The region already has relatively high jobless figures. The World Bank projects unemployment will rise by 25 percent in 2009 and 2010 in the Middle East and by 13 percent in North Africa, despite regional growth second only to Asia.
“The message, globally, is that, yes, there are signs of recovery, but it [the situation] hasn’t settled deeply,” said Shamshad Akhtar, the World Bank vice-president for the Middle East and North Africa (MENA). “We already had 20 million people unemployed [in MENA], and we have new entrants to the labor force [due to high population growth], so we have a problem.” The IMF’s Regional Economic Outlook, launched in Dubai on October 11, projects regional growth will fall from 5.4 percent in 2008 to 2 percent in 2009, before rebounding to 4.2 percent in 2010. A particular danger is that a disproportionate number of people, especially in Egypt and Morocco, live just above the $2-per-day income threshold for poverty, meaning the region cannot afford complacency over joblessness. This has been the major factor behind the World Bank’s increased lending in MENA from $1.8 billion in 2008 and 2009 to over $3 billion in 2009 to 2010. “Demand is steep,” said Akhtar. “Our clients need [to finance] reforms – and not just at the macro-level. Countries want to strengthen their financial structures, they want more microfinance. They want affordable mortgages and pension reform. They want to restructure social safety nets.”

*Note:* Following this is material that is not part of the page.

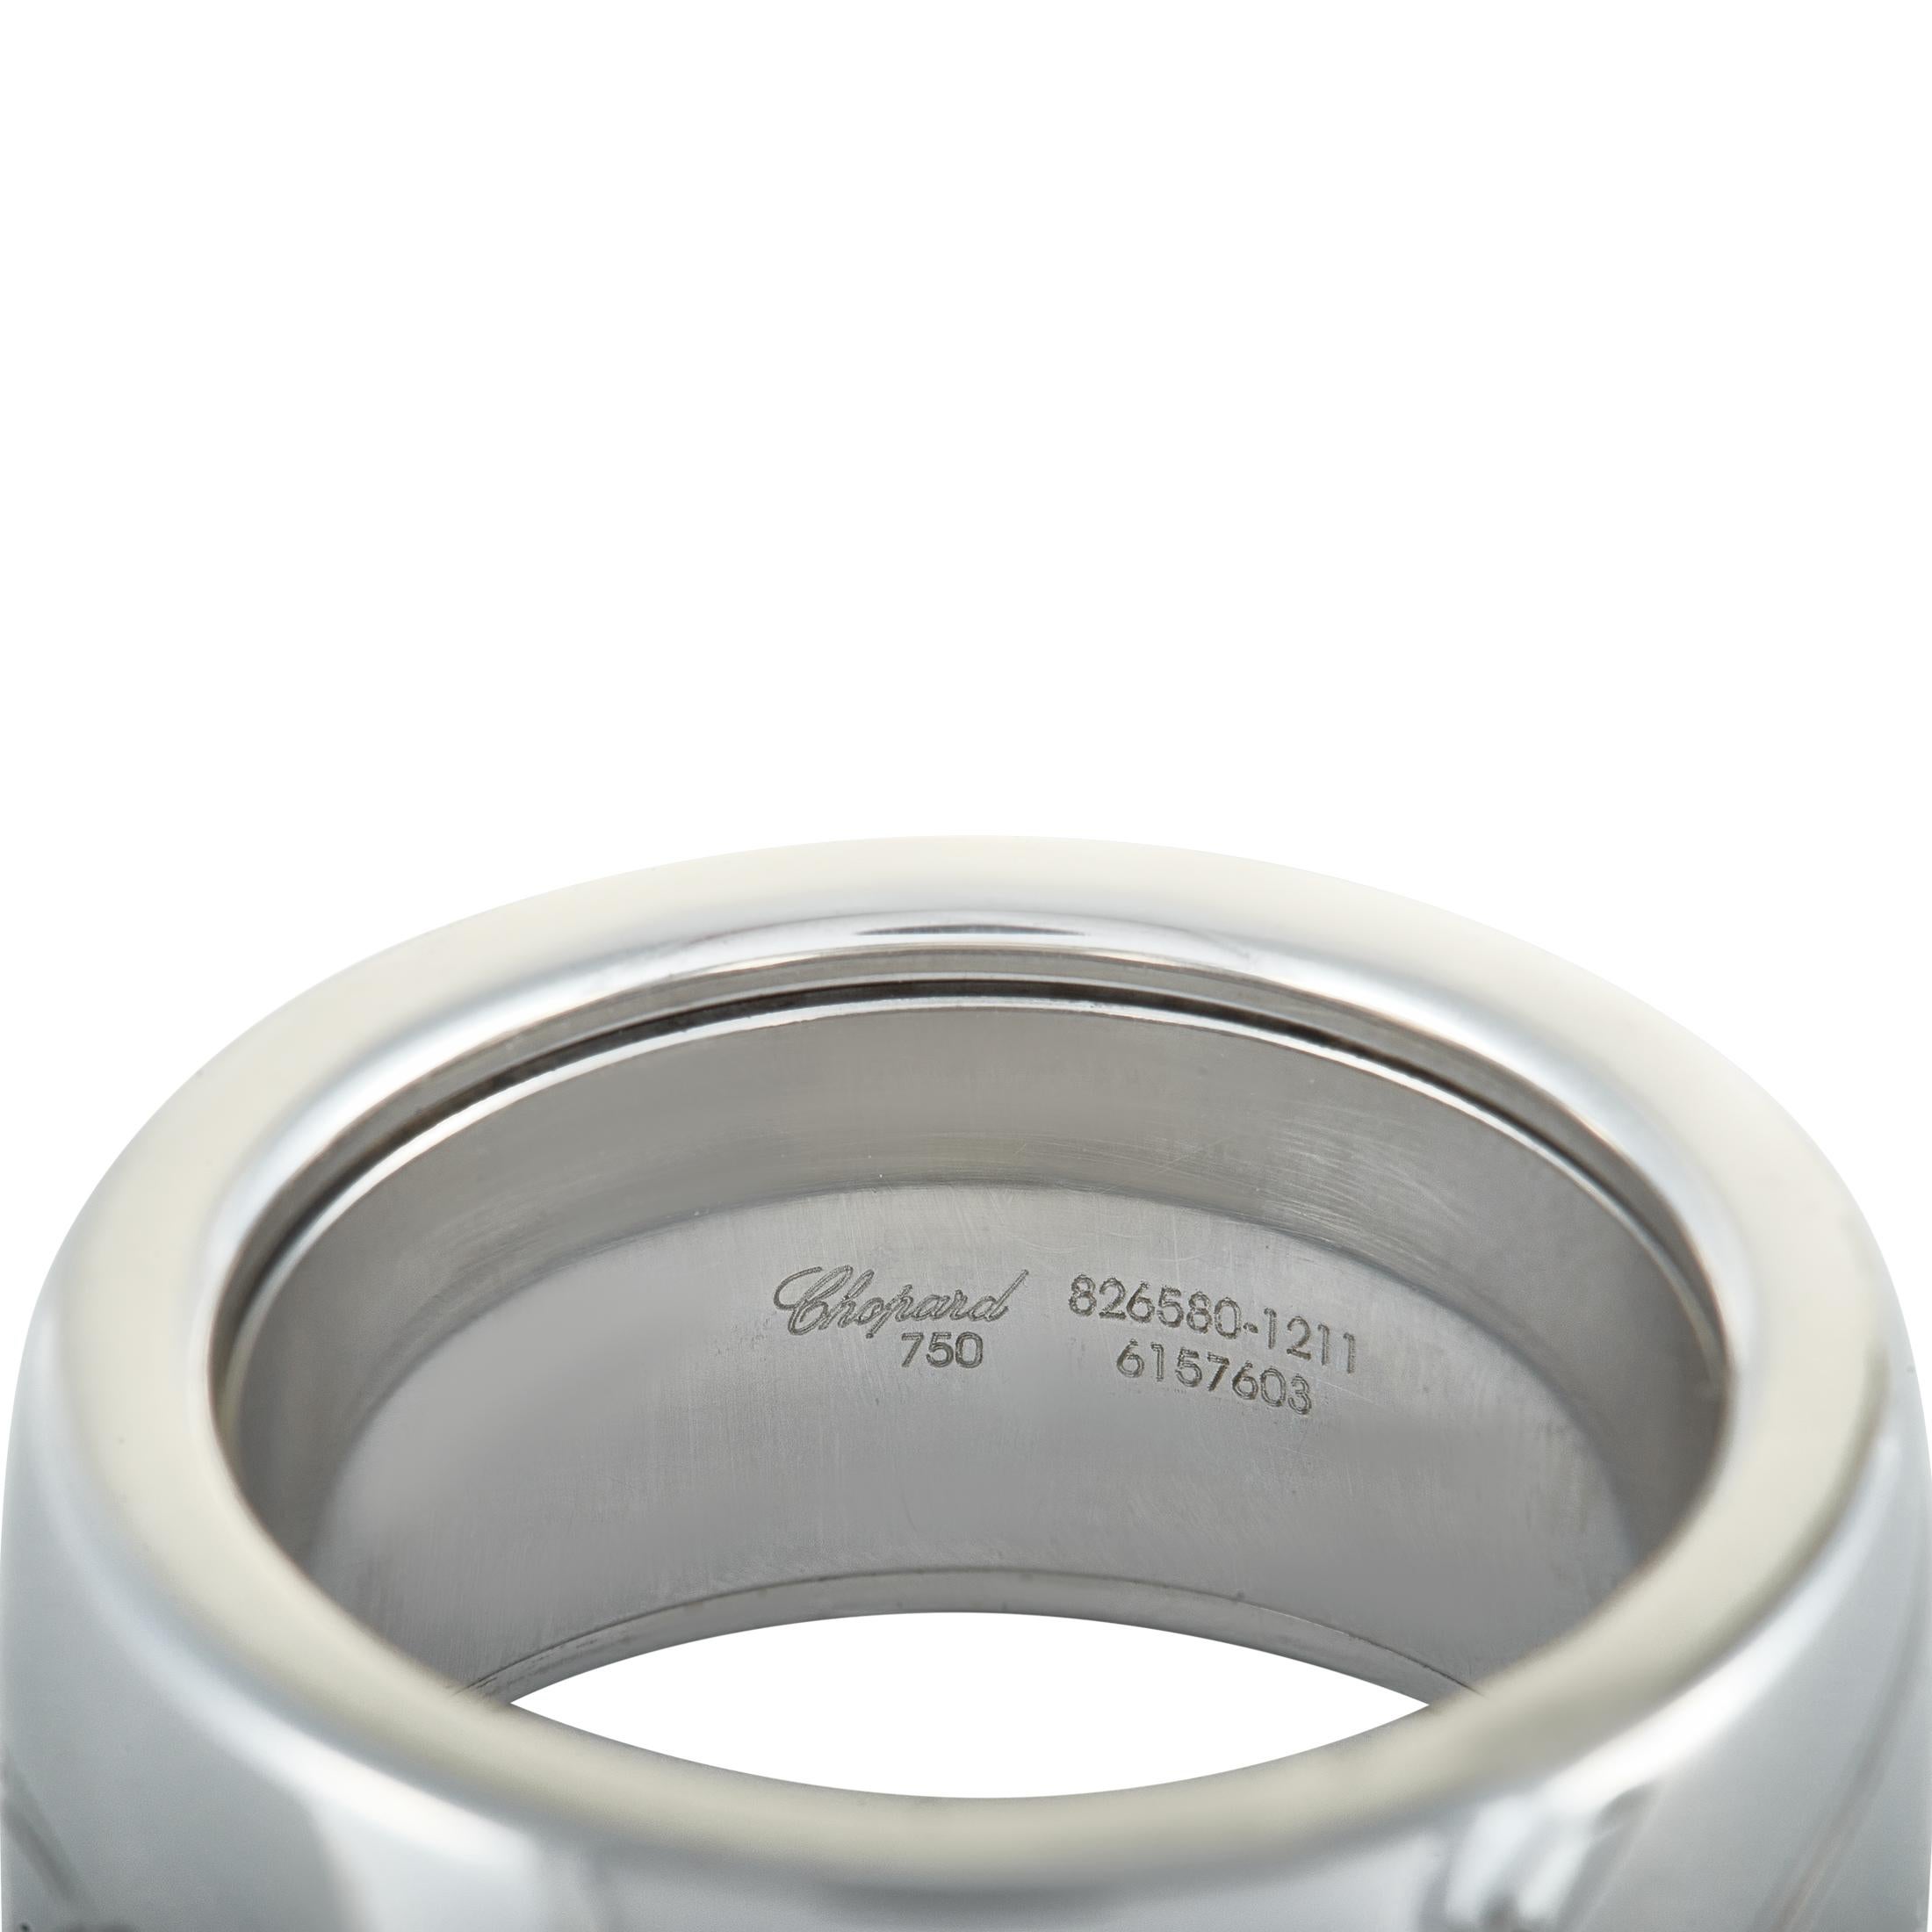 Chopard Chopardissimo 18 Karat White Gold Diamond Signature Band Ring 1

The World Bank’s 2009: Economic Developments and Prospects, launched in Istanbul, drew attention to the opportunity presented by the economic crisis for governments to “ease infrastructure bottlenecks and restructure ineffective — yet expensive — subsidies programs.”

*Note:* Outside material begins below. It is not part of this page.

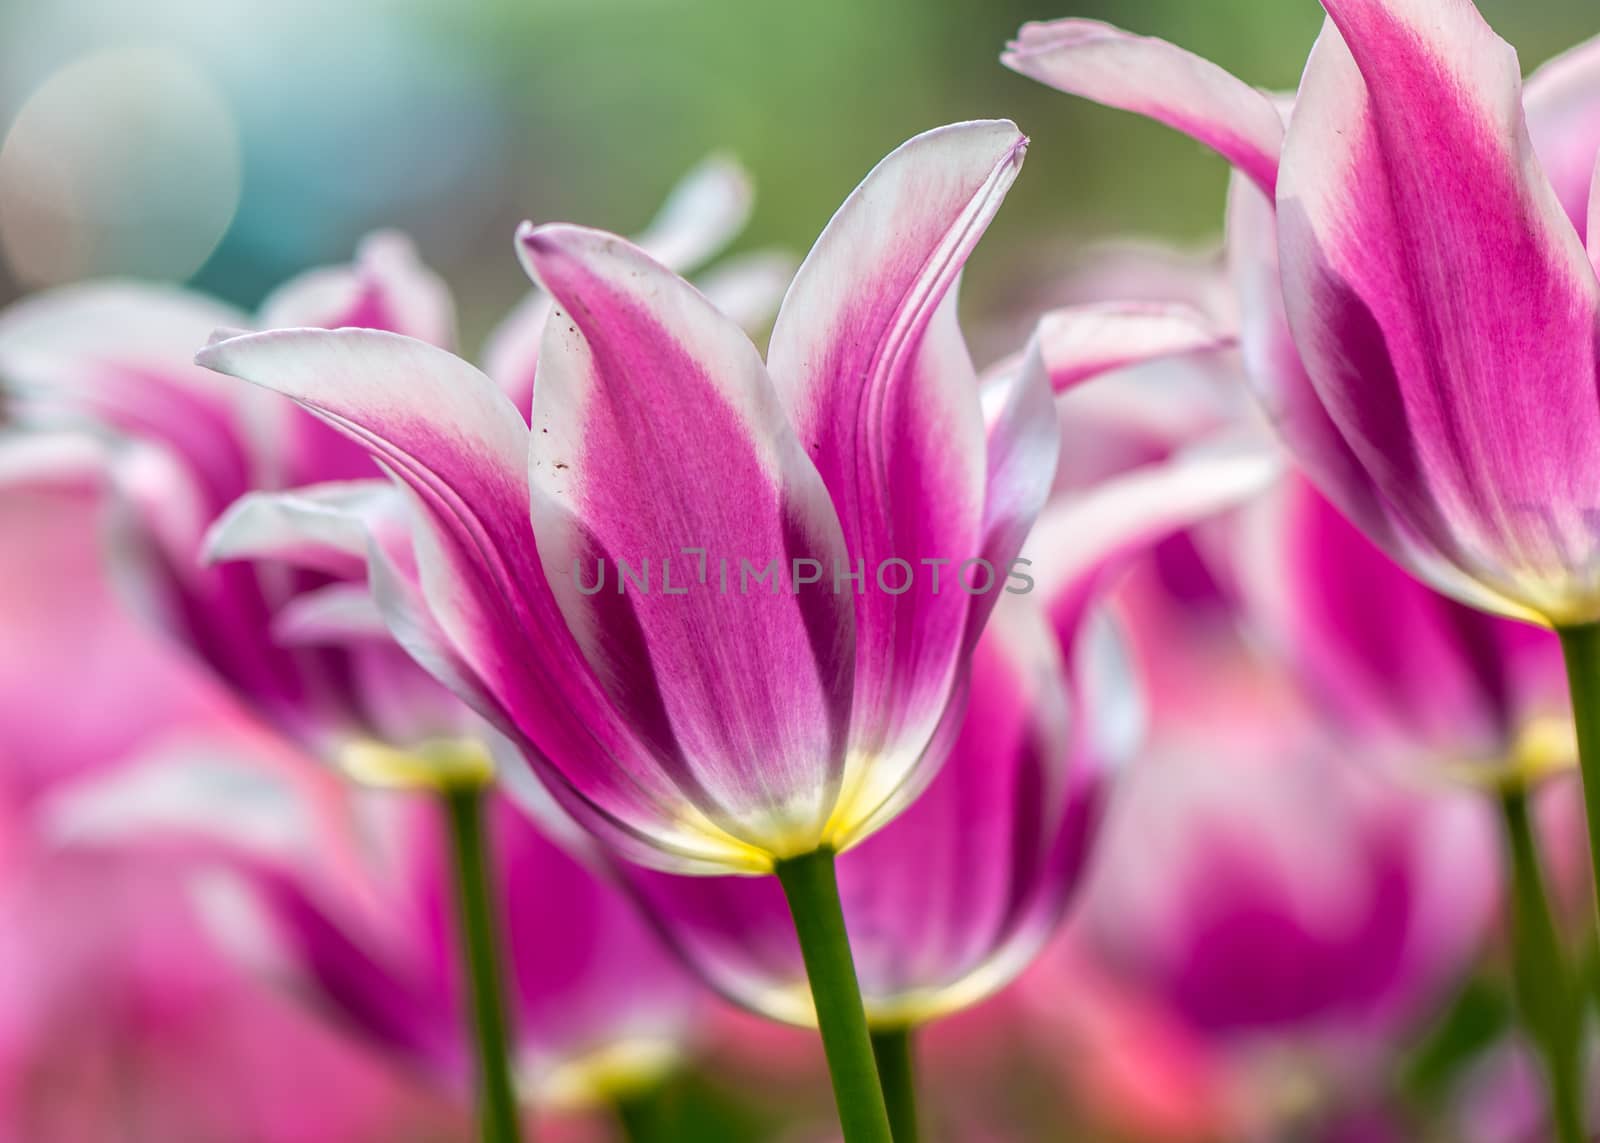 The pink tulip in spring time at Beijing Botanical Garden.

Iran is the clearest case, with around 30 percent of GDP going into subsidies. Egypt’s food and energy subsidies are around 30 percent of government spending and 10 percent of GDP, while in Morocco 90 percent of subsidies go to groups other than the poor.

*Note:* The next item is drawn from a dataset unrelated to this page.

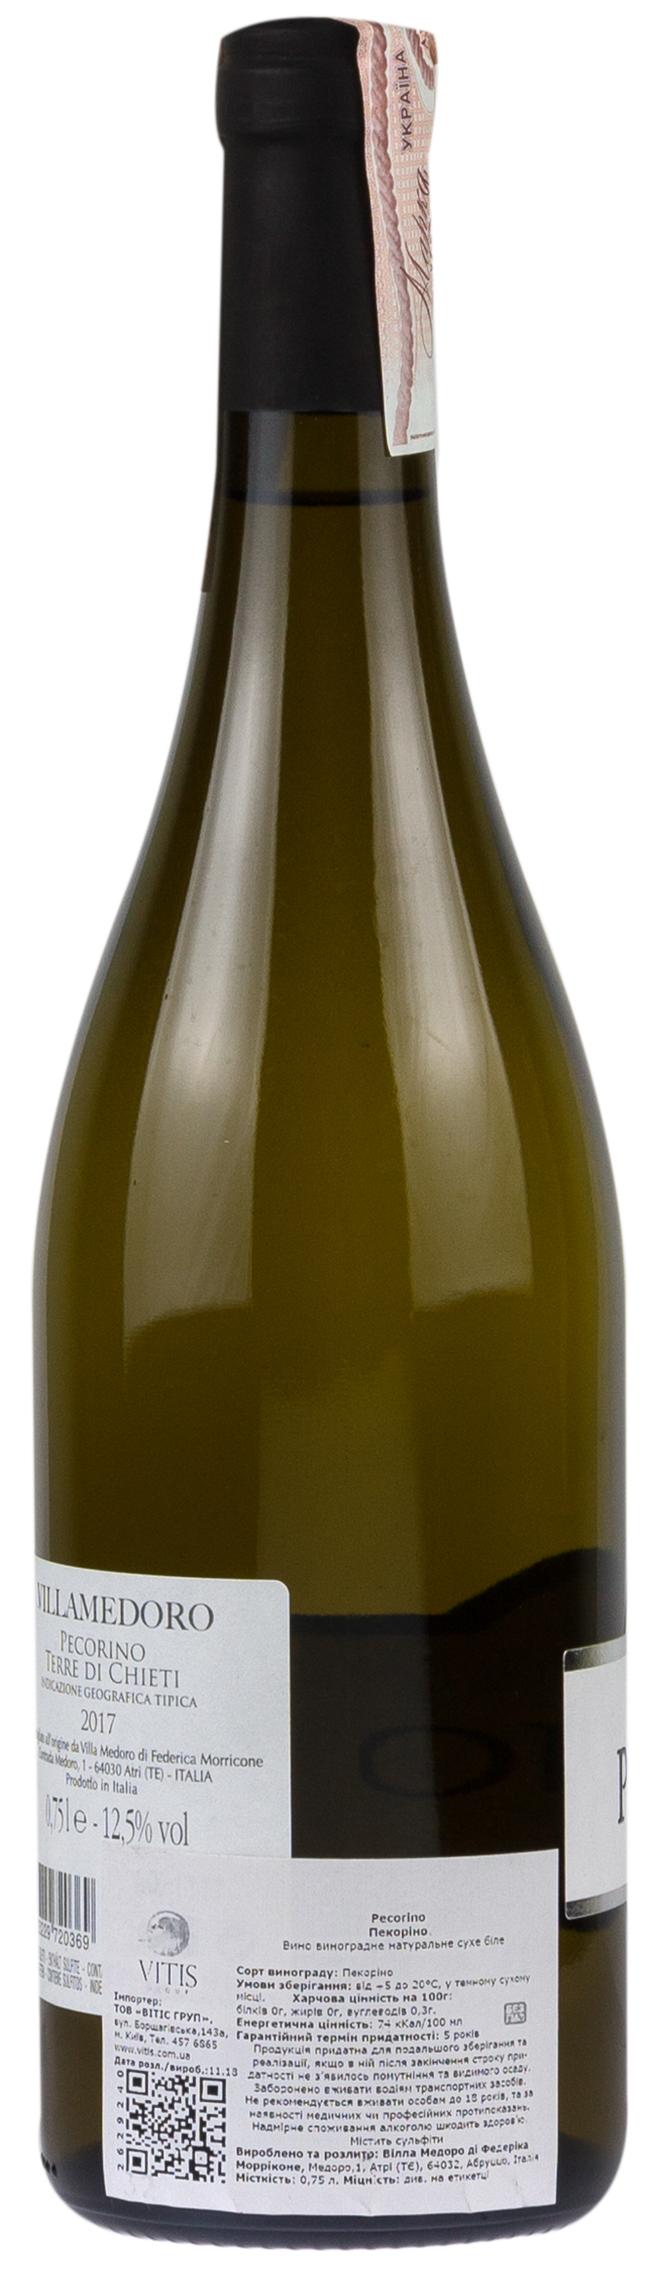 Villamedoro Pecorino 2017 Set 6 bottles - 3

At the macro-management level, the annual meetings generally endorsed the region’s approach to the economic crisis, although there was also a clear sense that governments had much left to assess in their performance.
The region’s monetary reaction to the crisis was “unprecedented,” especially in guarantees to banks, explained Khan, now senior fellow at the Peterson Institute for International Economics in Washington. “Back in 2007, there was a lot of worry about the inflation rate. There was talk of reining in monetary expansion, the revaluation of exchange rates…that has changed.”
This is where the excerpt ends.